Hippocampi tissues were homogenized in buffer (25 mM Tris–HCl pH 7.5, 1 mM EGTA, 2 mM EDTA, 50 mM NaF, 1 mM Na3VO4, 10 mM sodium pyrophosphate, 0.2% NP-40, 0.1 mM phenylmethylsulfonyl fluoride, 1 mM dithiothreitol and centrifuged at 12,000×g at 4 °C for 10 min. The supernatants were collected as cell proteins. The concentration of protein was determined by using the BCA protein assay (Pierce, USA).

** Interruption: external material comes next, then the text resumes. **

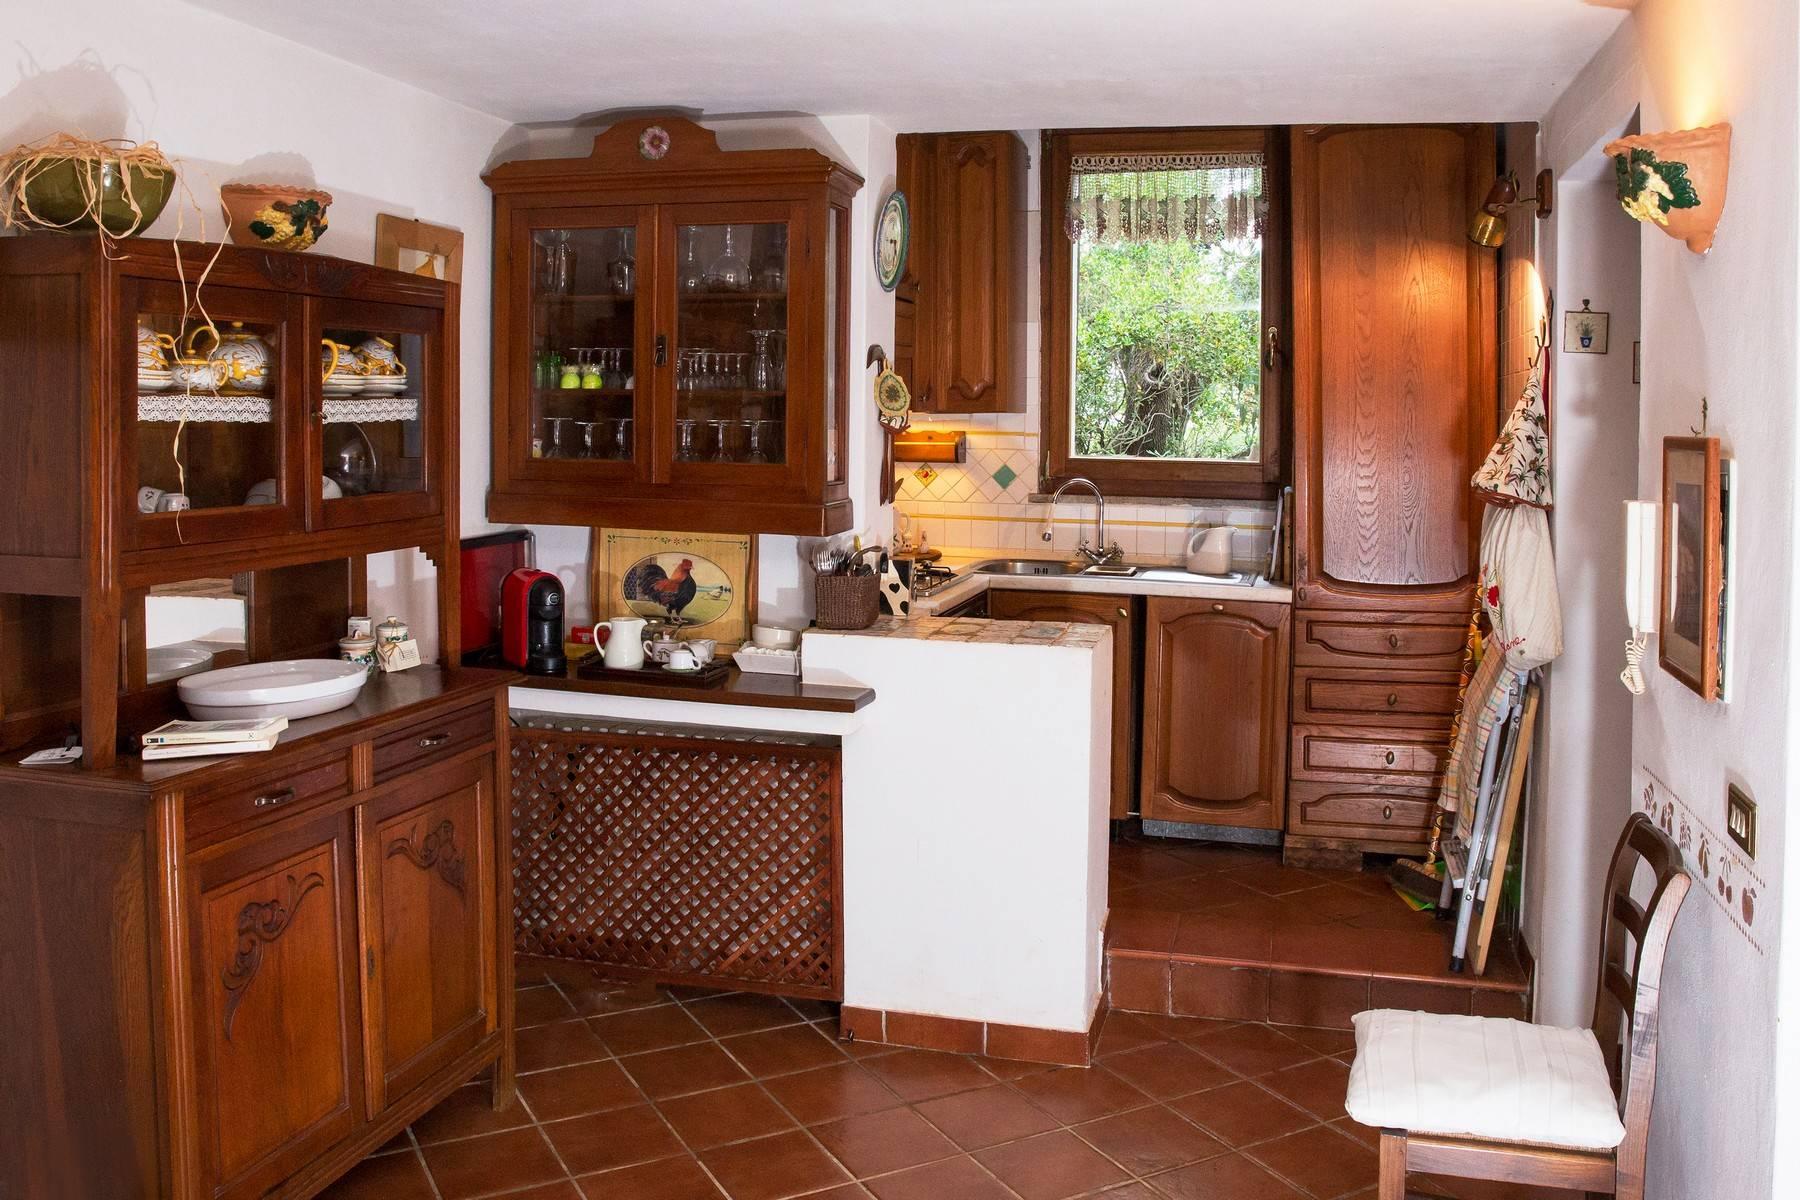 Rustico in Vendita a Capalbio: 5 locali, 170 mq - Foto 18

40 μg of protein were separated by sodium dodecyl sulfatepolyacrylamide gel electrophoresis and then transferred to nitrocellulose membranes. Later it was blocked in 5% fatfree milk in TBST buffer for 1 h, the membranes were incubated with primary antibody against phospho-S6 (1:1000 dilution; Cell Signaling Technology, USA), IL-1β, TGF-1 and COX-2 (1:500; Santa Cruz Biotechnology, CA, USA) and β-actin (1:4000; Santa Cruz Biotechnology, CA, USA) at 4 °C overnight. Then the membranes were washed and incubated with horseradish peroxidase conjugated secondary antibody (1:3000; Santa Cruz Biotechnology) for 1 h. Immunoreactivity was enhanced by chemiluminescence kit (Pierce, Rockford, IL, USA) and exposed to film. The band intensity was analyzed with an image analyzer (Alpha Innotech 2200, San Leandro, CA, USA).

Statistical comparisons

All data are expressed as mean ± S.E.M. Statistical comparisons were made using one-way or two-way ANOVA followed by Tukey– Kramer or Dunnett’s multiple comparisons post-hoc test or Student’s t-test with Origin 10.0 software (GraphPad). Data were considered statistically significant if p<0.05.

Results

The incidence of spontaneous recurrent seizures (SRS) in chronic periods

Ninety rats injected with kainic acid developed SE which was characterized by continuous motor limbic seizures accompanied by intermittent rearing and falling with a mean latency of (10 ± 2) min. The duration of SE was controlled at 60 min. After the rats were sacrificed at each time point, 20 rats in KA group were monitored in the chronic periods (28 days to 42 days after SE), and 14 mice developed SRS. SRS occurrence rate was 70%. 8 mice of 21 pups in KA+RAP group have observed to SRS, the occurred rate was 38.1%. In Control group, none of SRS was observed. Rapamycin intervention significantly reduced incidence of SRS in chronic phase (P=0.04; chi square test)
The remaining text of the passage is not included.